» **DATASET EXCERPT**
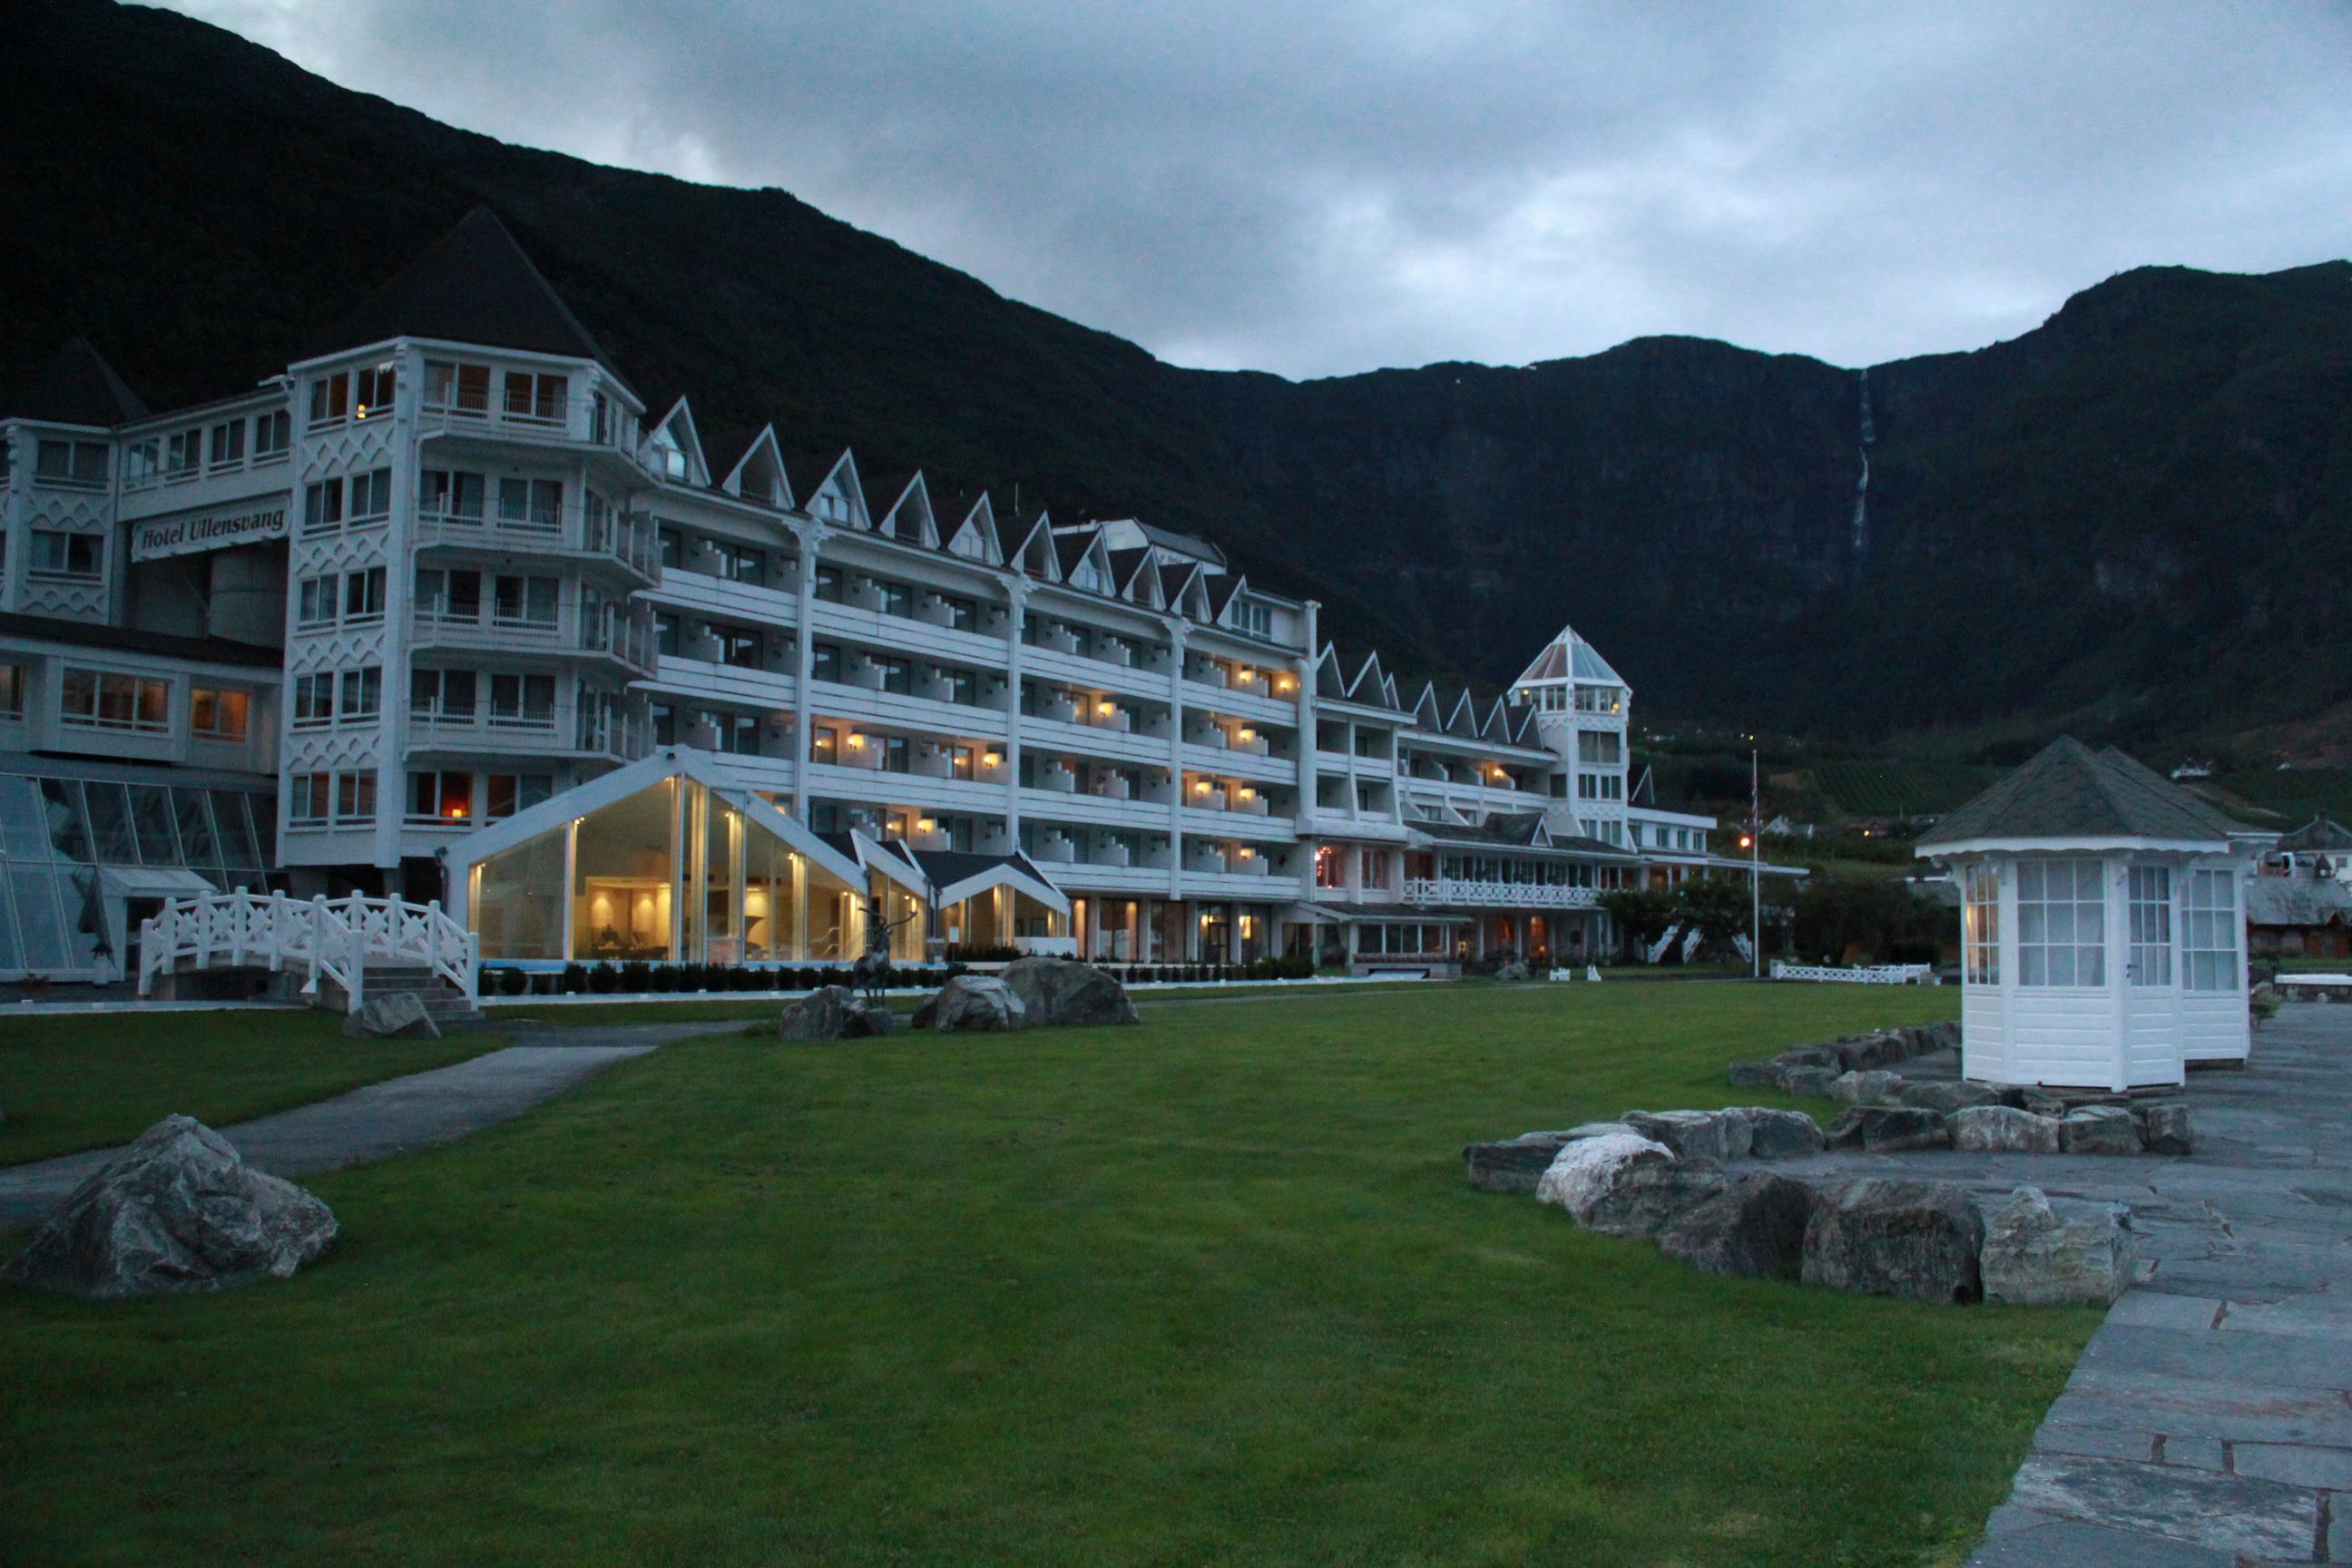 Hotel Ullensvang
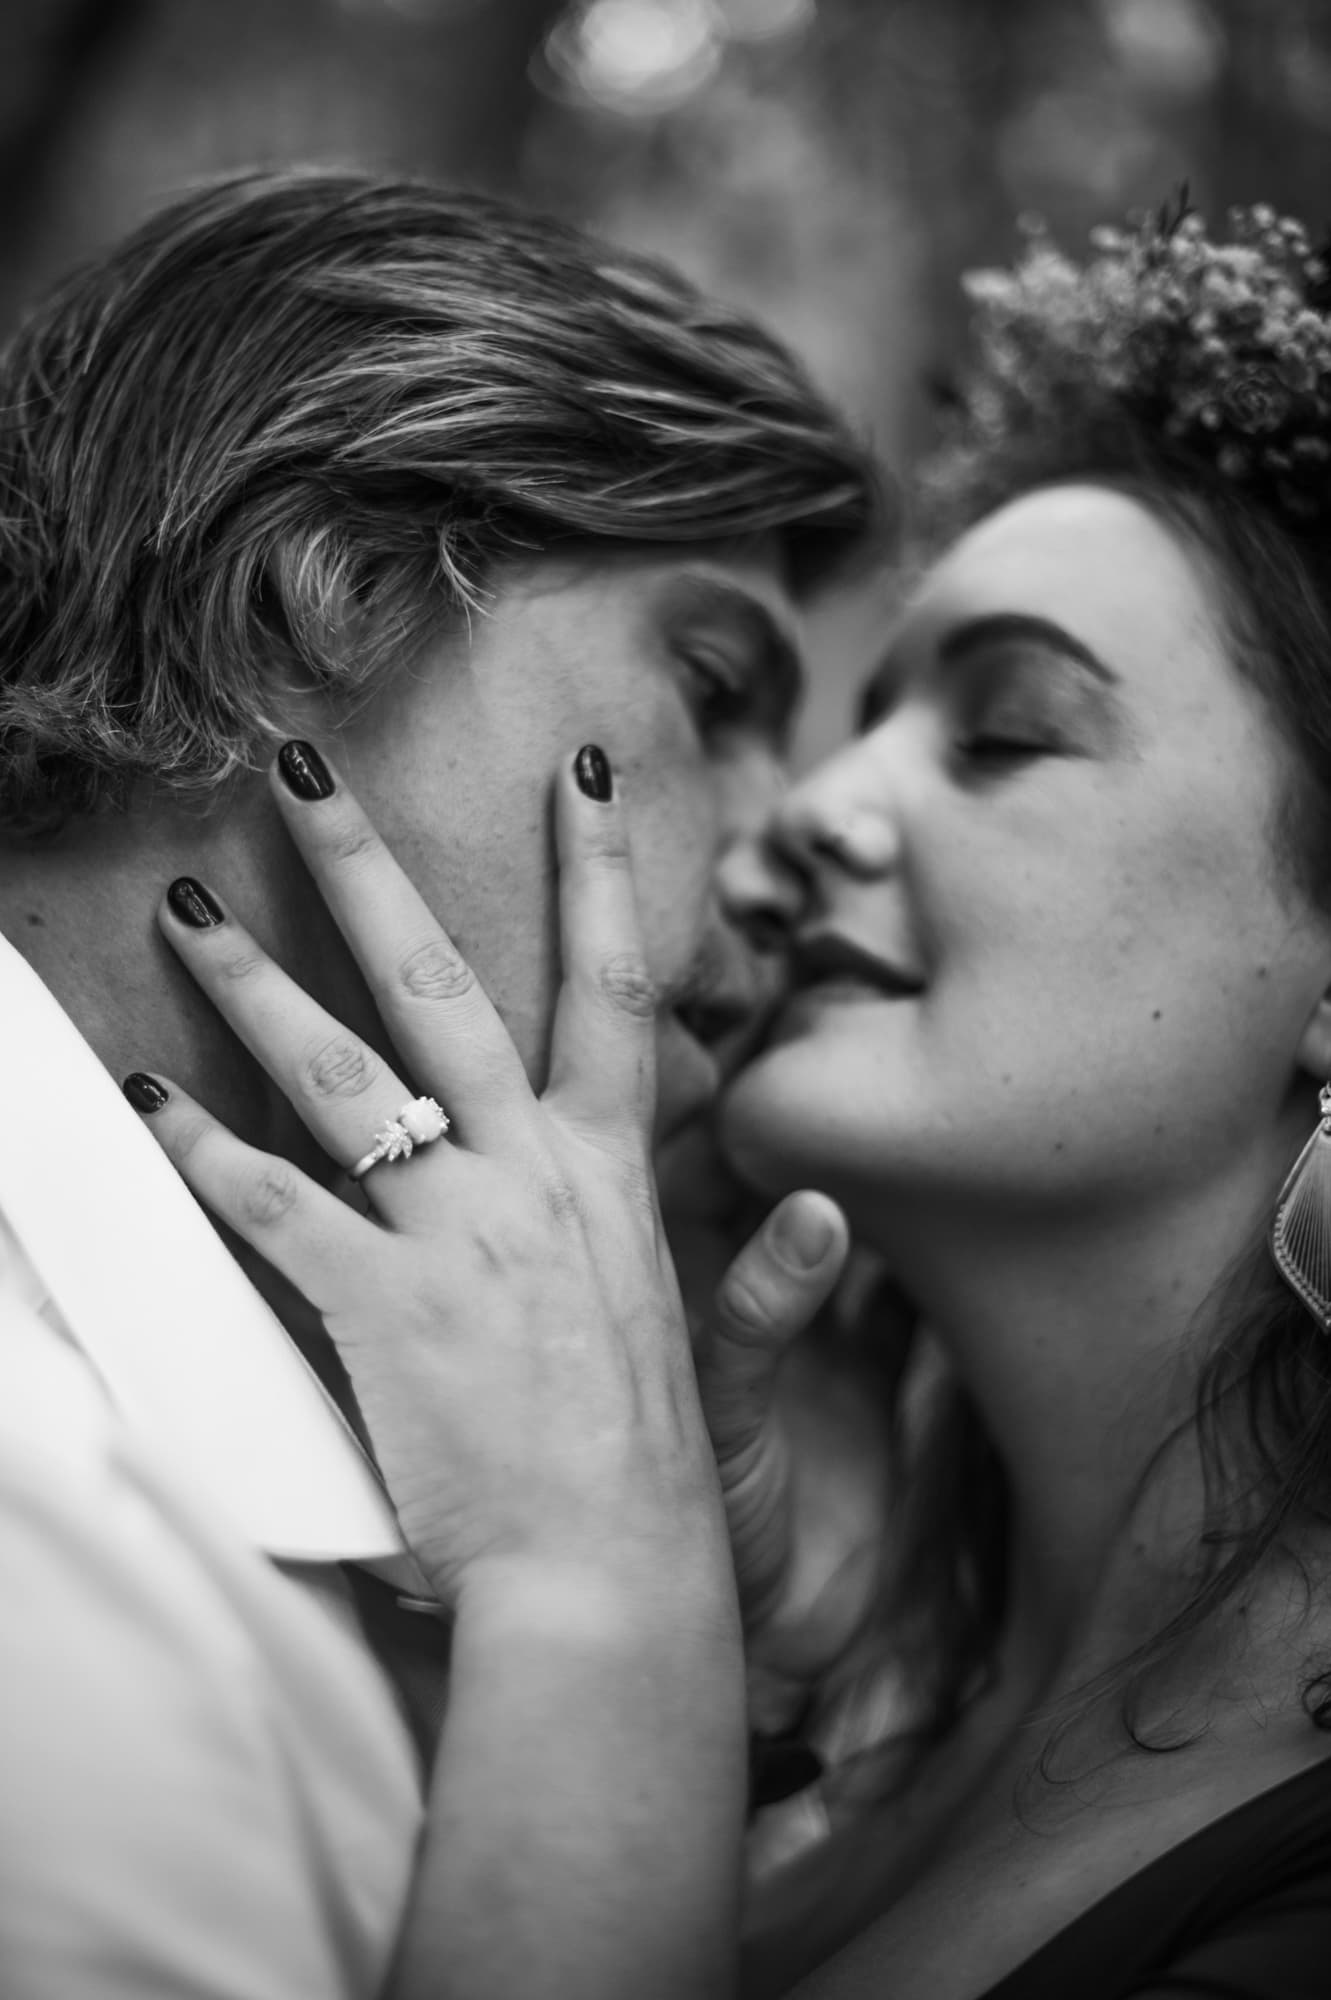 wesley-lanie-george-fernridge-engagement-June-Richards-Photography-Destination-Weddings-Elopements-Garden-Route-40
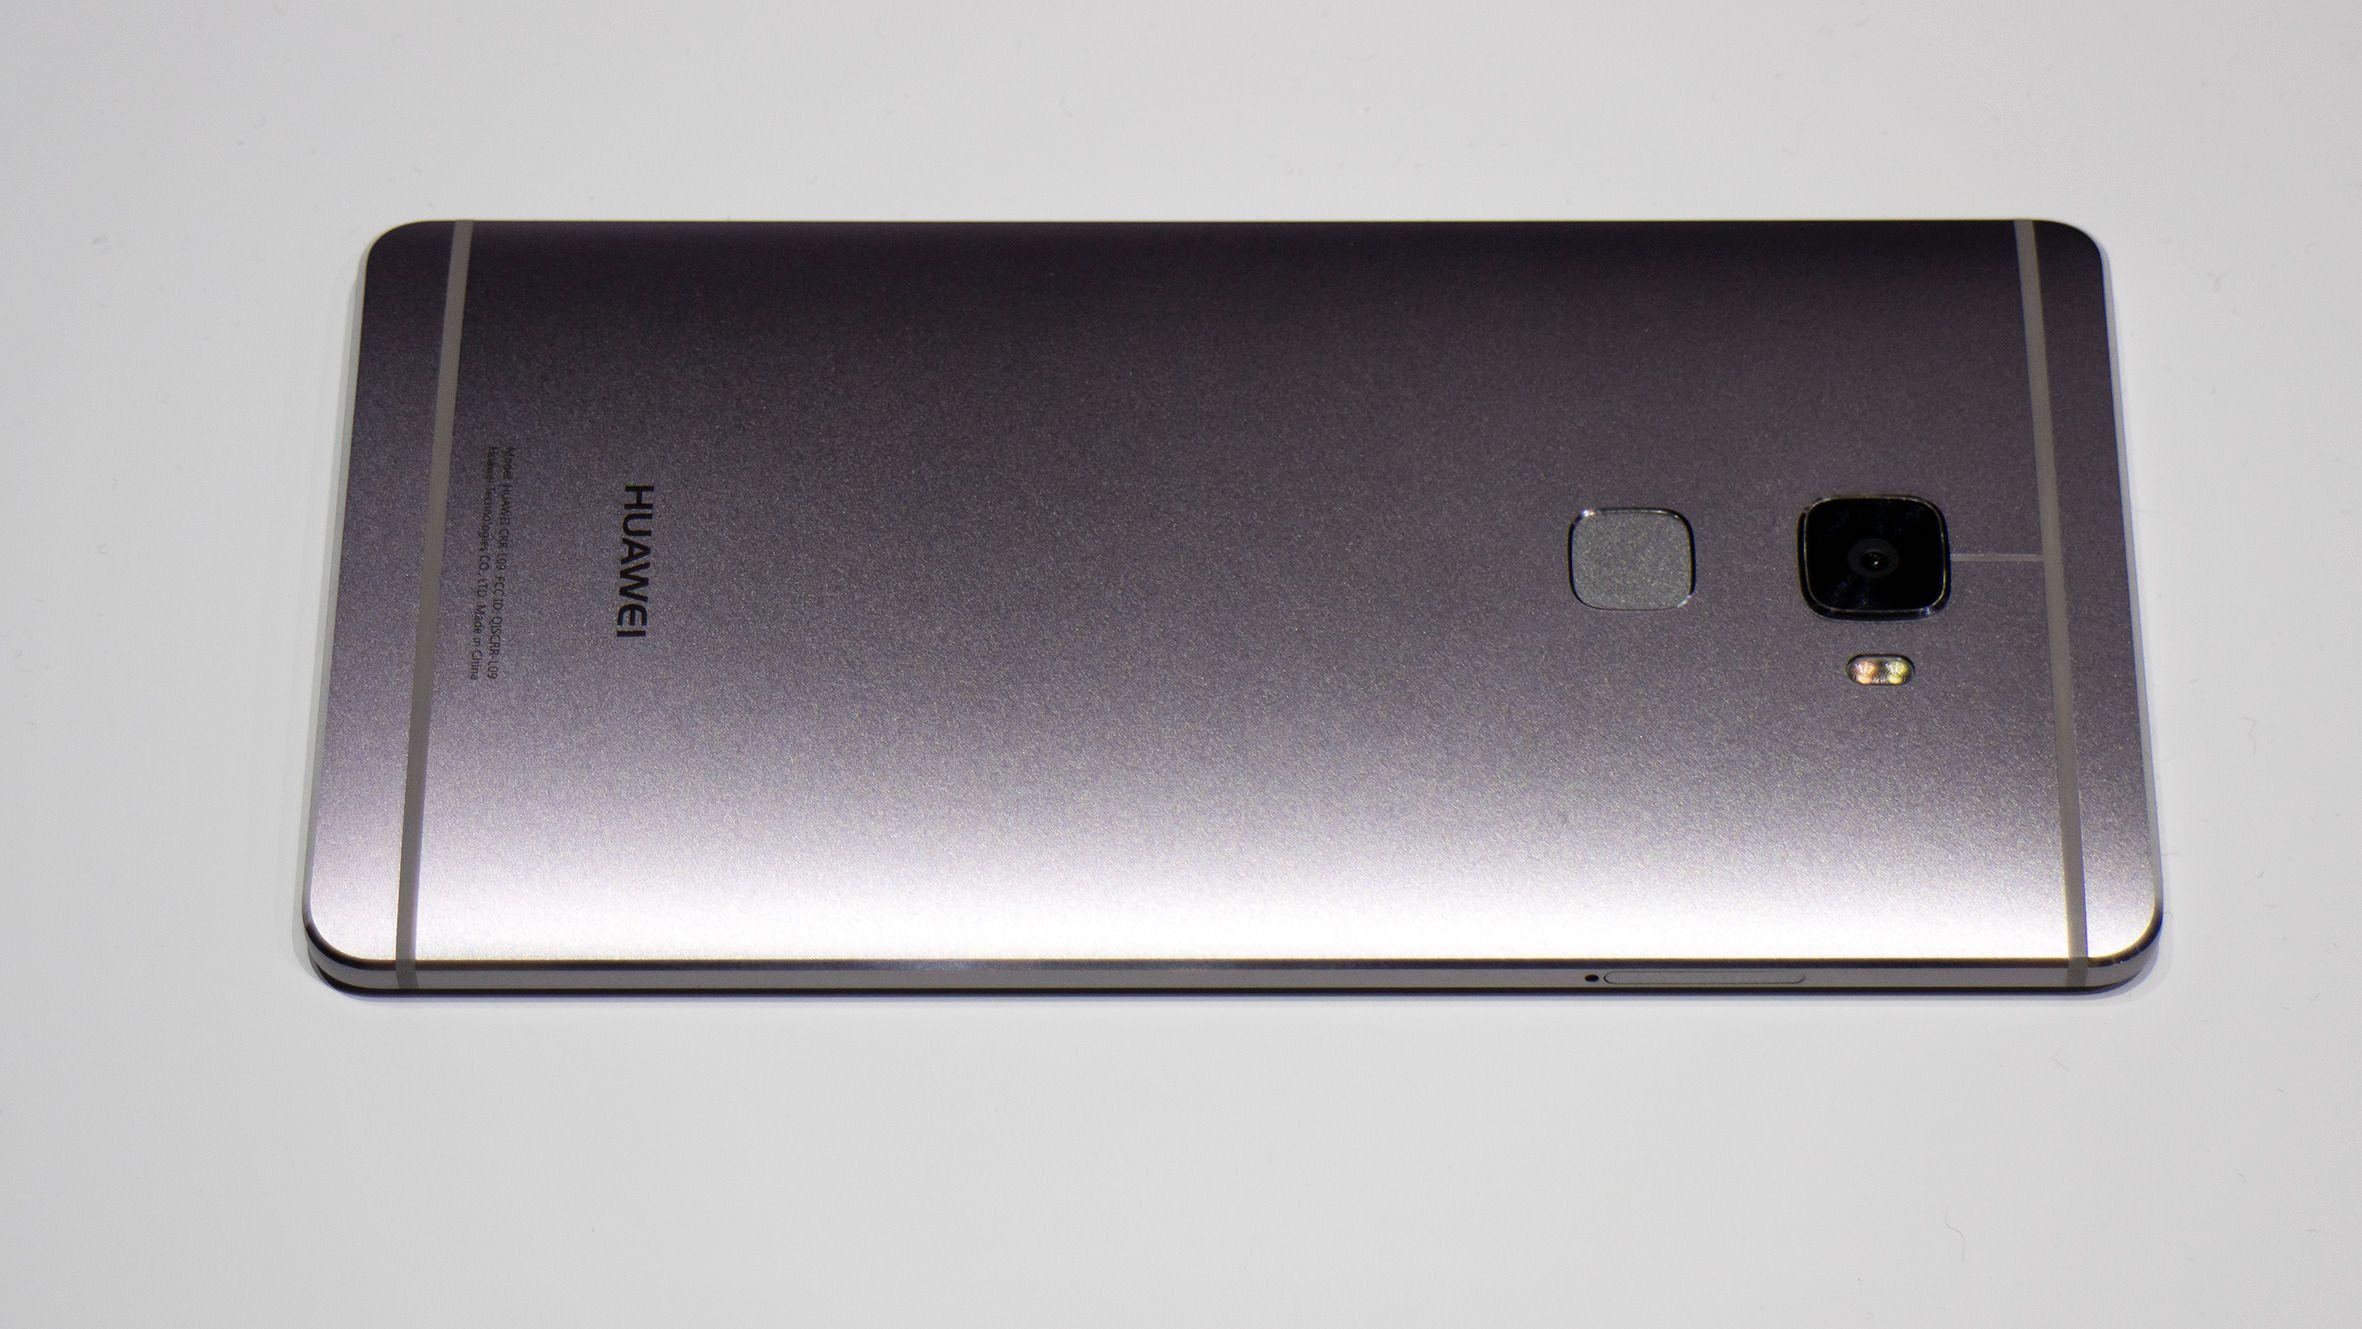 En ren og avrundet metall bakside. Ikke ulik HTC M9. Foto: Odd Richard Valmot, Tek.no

» **TASK PROMPT**
Repeat the material above exactly; any picture in it is left out.

» **WRITTEN RESPONSE**
 Hotel Ullensvang
 wesley-lanie-george-fernridge-engagement-June-Richards-Photography-Destination-Weddings-Elopements-Garden-Route-40
 En ren og avrundet metall bakside. Ikke ulik HTC M9. Foto: Odd Richard Valmot, Tek.no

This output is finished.